Le 20 juin 2022, la SARL ATT a loué à une personne se présentant agir pour le compte de la SASU KAVIY un véhicule 5T +BRH au prix de 2 292,66€. Le bien loué a été retourné le 28 juin 2022 par cette même personne.
Sur la base de ces deux bons de sortie et de retour, la SARL ATT a émis deux factures à l’encontre de la SASU KAVIY :
— la facture FA2207-0036 en date du 29 juillet 2022 d’un montant de 2 210€
— la facture FA2206-0032 en date du 30 juin 2022 d’un montant de 2 292,66€.
Suivant lettre recommandée avec accusé de réception du 11 octobre 2022, la SARL ATT a mis en demeure la SASU KAVIY de payer la somme de 4 502,66€. Suivant courrier du 30 novembre 2022, la SASU KAVIY a contesté l’imputation de ces factures en retenant qu’elle n’a jamais ouvert de compte professionnel chez la SARL ATT. La SASU KAVIY a ainsi précisé que, selon ses informations, M. [S] [I] était potentiellement la personne ayant loué les deux véhicules.

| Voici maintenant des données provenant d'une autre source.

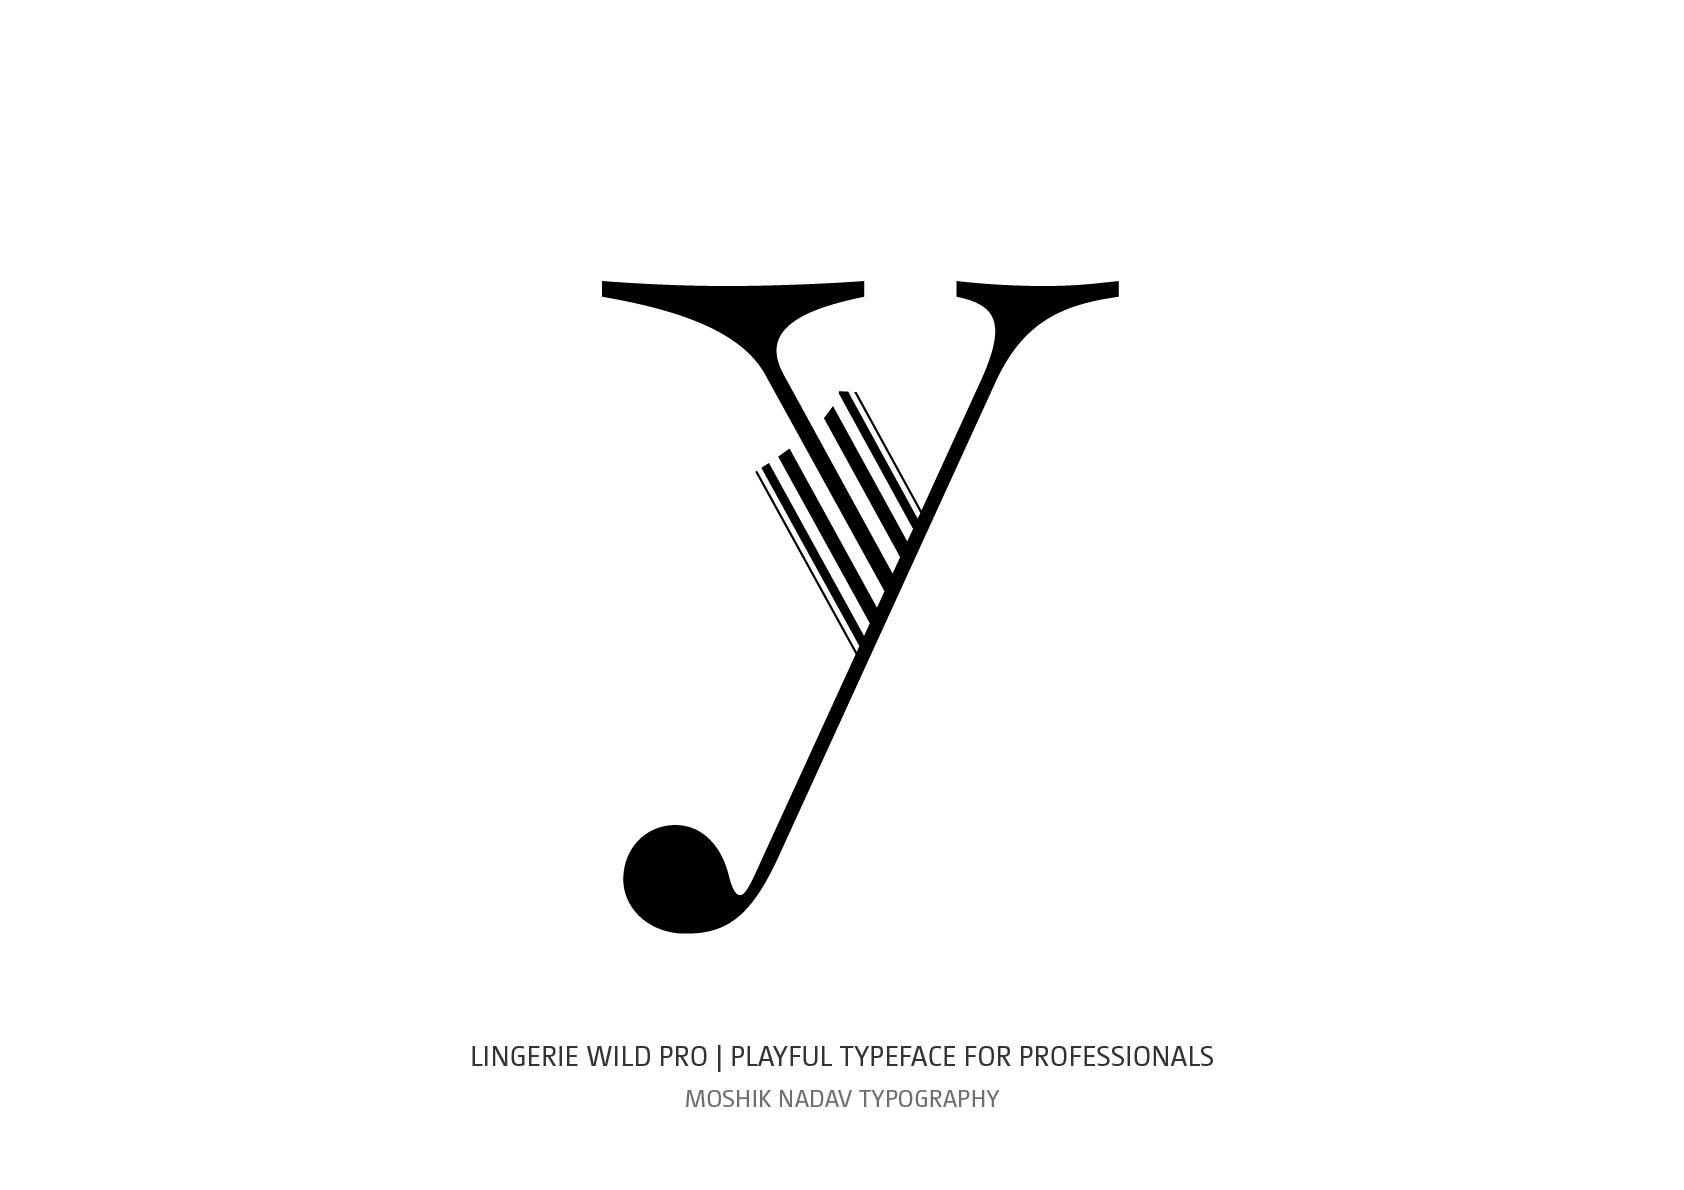 Bold new typeface by Moshik Nadav Typography

La SARL ATT s’est présentée à la tentative de conciliation qui s’est déroulée le 13 septembre 2024. la SASU KAVIY, pour sa part, était absente.
Suivant requête réceptionnée le 04 octobre 2024, la SARL ATT a saisi le tribunal de céans aux fins de voir condamner la SASU KAVIY à payer la somme de 4 502,66€.
Suivant exploit de commissaire de Justice, signifié le 06 mai 2025 en application de l’article 659 du code de procédure civile, la SARL ATT a fait assigner M. [S] [I] en intervention forcée aux fins de la garantir de toute condamnation.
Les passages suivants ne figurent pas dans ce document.